For the Class of ’71, however, the decision to target scholarships was simple. Contrasting their own medical school years — and a $2,500 tuition 50 years ago that felt daunting at the time — Moritsugu says everyone agreed a scholarship that could support students in perpetuity was the ideal choice and an endowment was the way to get there.
“There are students out there who have the intellectual capacity to succeed in medical school, they just they don’t have the financial capacity to do so,” he says. “You make a contribution and it’s done, but by creating an endowment, the Class of ’71 will live on, literally, forever. We will use the endowment as the principal on which we will be able to generate more and more scholarships. From our gifts, we have created a legacy!”
An endowment, Moritsugu adds, makes giving more attainable as well. He encourages younger classes to begin to plan early because “those milestone anniversaries come faster than you realize.” To make it a bit easier to attain, he suggests establishing an endowment fund early, while alumni are still developing their careers.

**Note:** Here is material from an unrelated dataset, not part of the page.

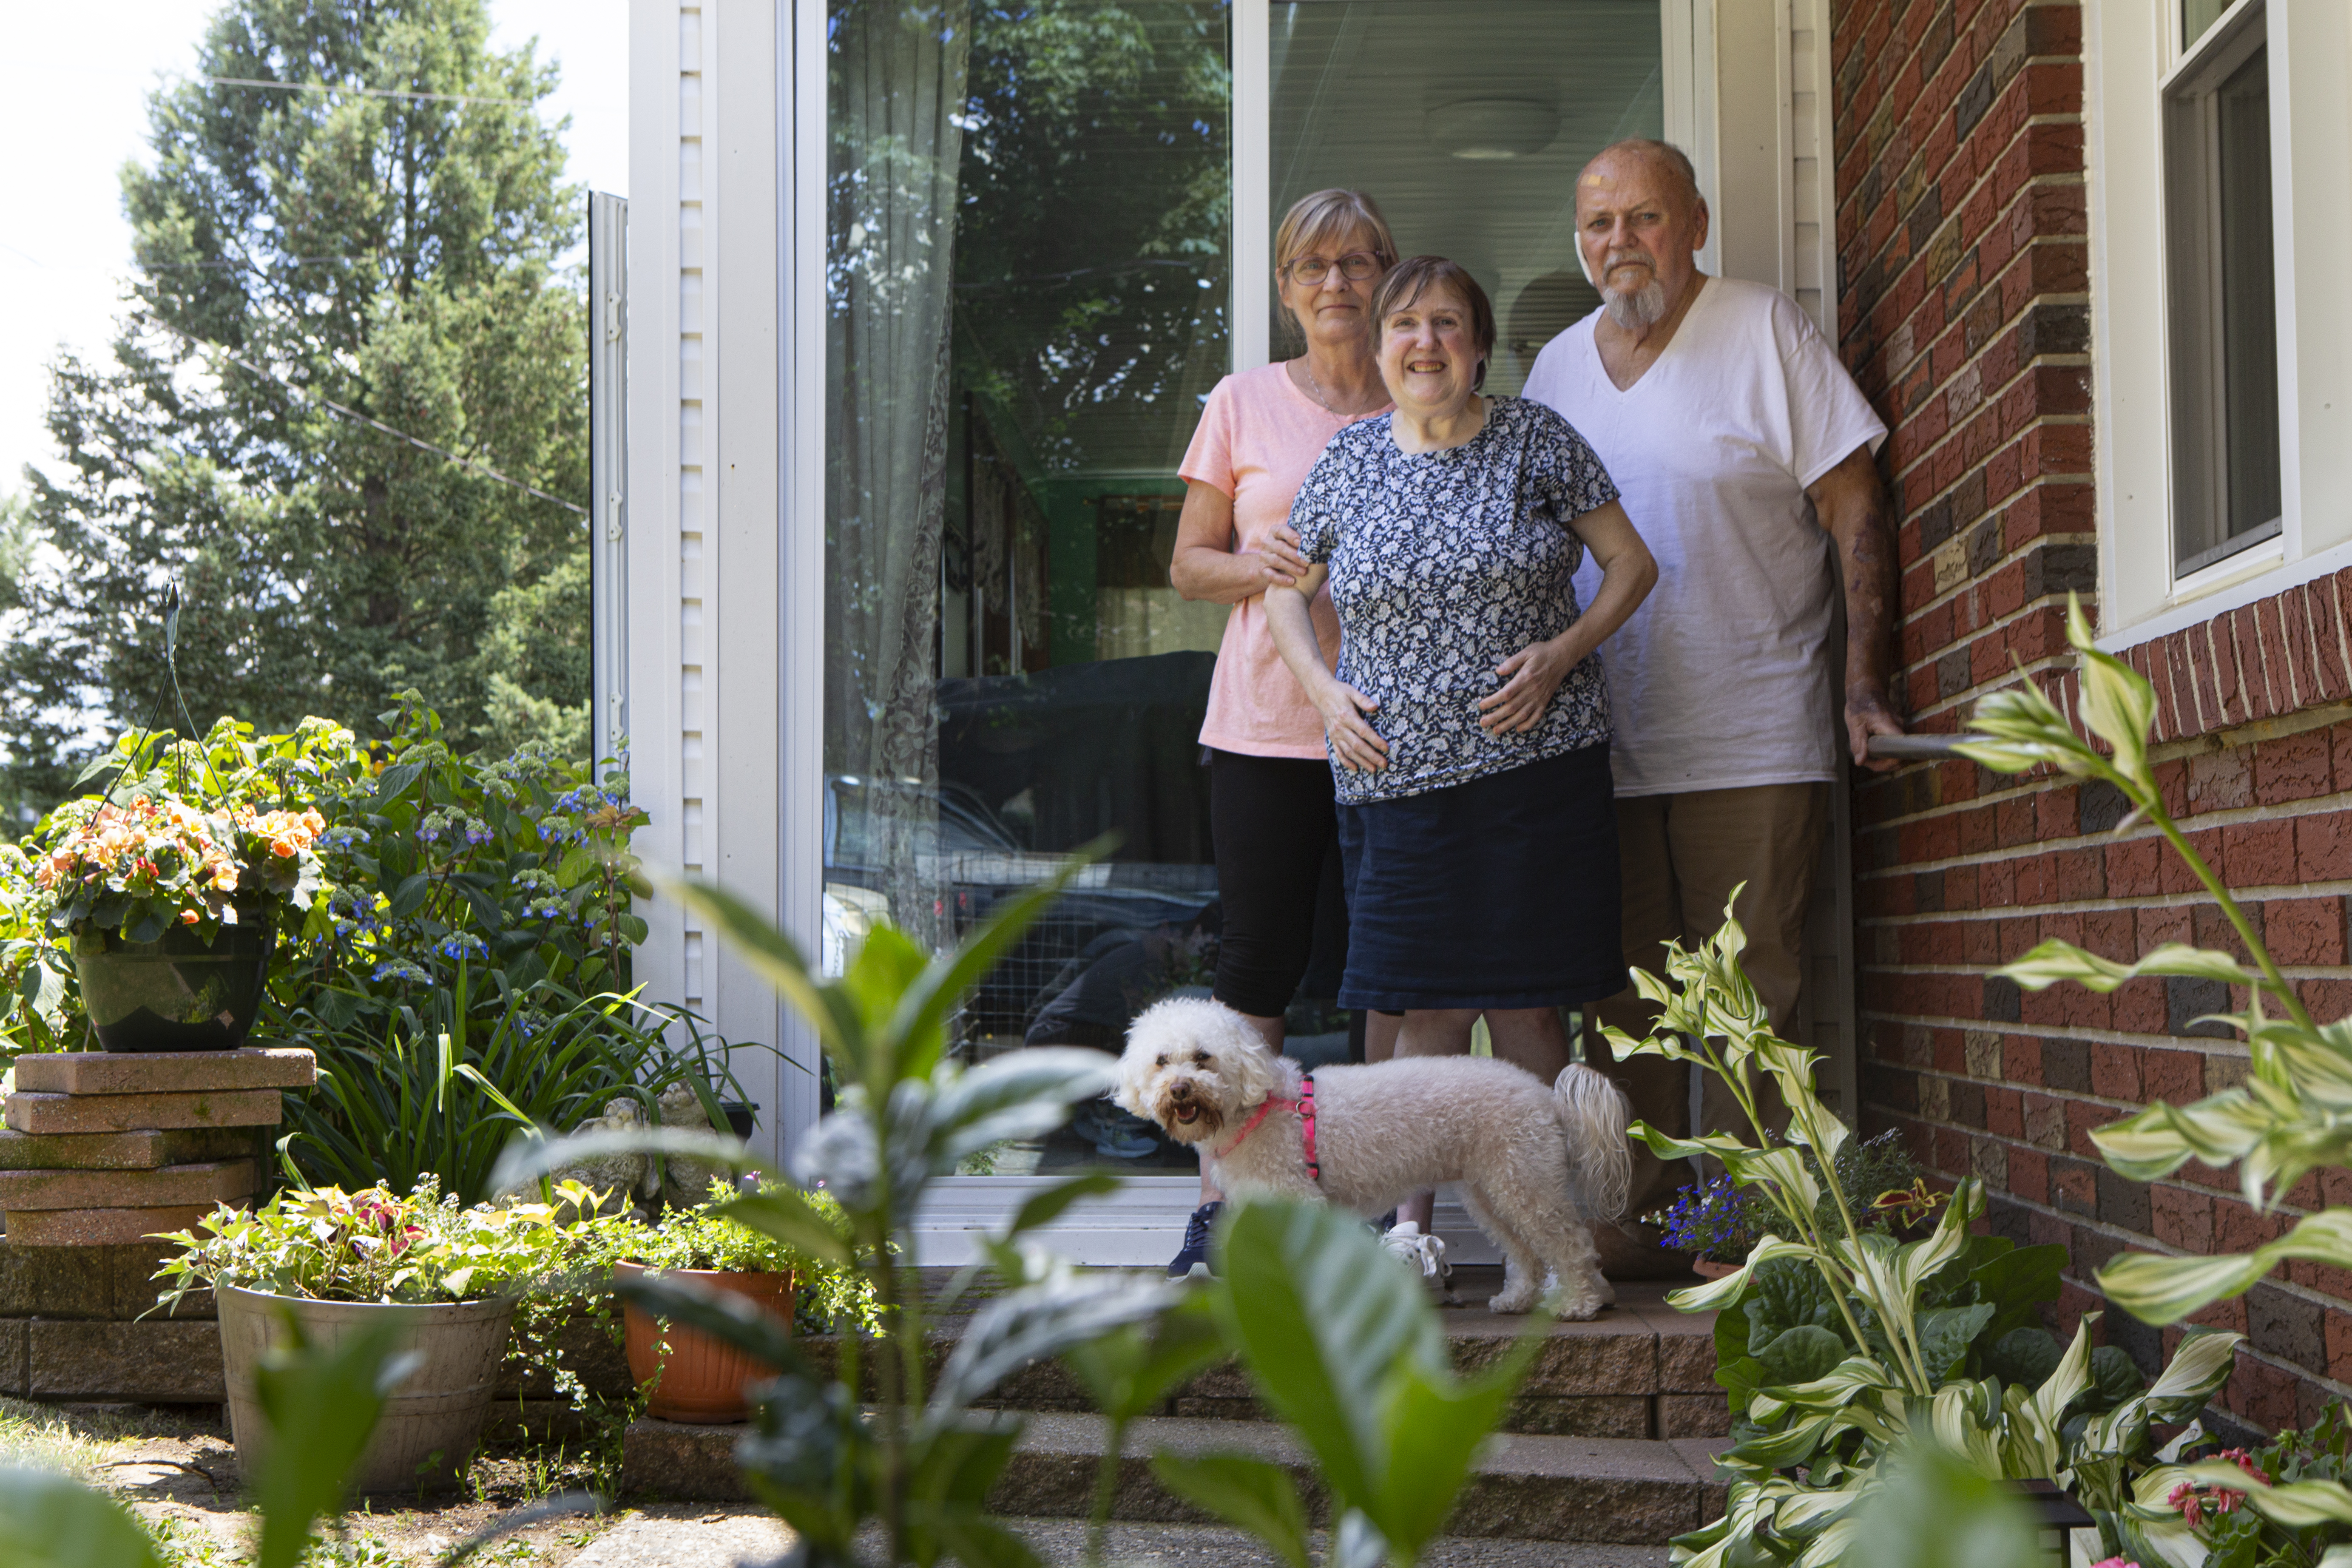 Three people and a dog standing on a porch in front of their brick house.

“Not everyone is looking back over their prolific careers,” he says. “If you’re two or three years out of a residency you might not have the disposable income. Your legacy can begin at even $10 a month when you’re just out of a residency program — the cost of a cup of coffee a week, you can start small, increasing your amount as you succeed, and still end up where you want to be. It establishes a practice and a pattern of giving — giving back, and paying it forward to help create the next generation of physicians!”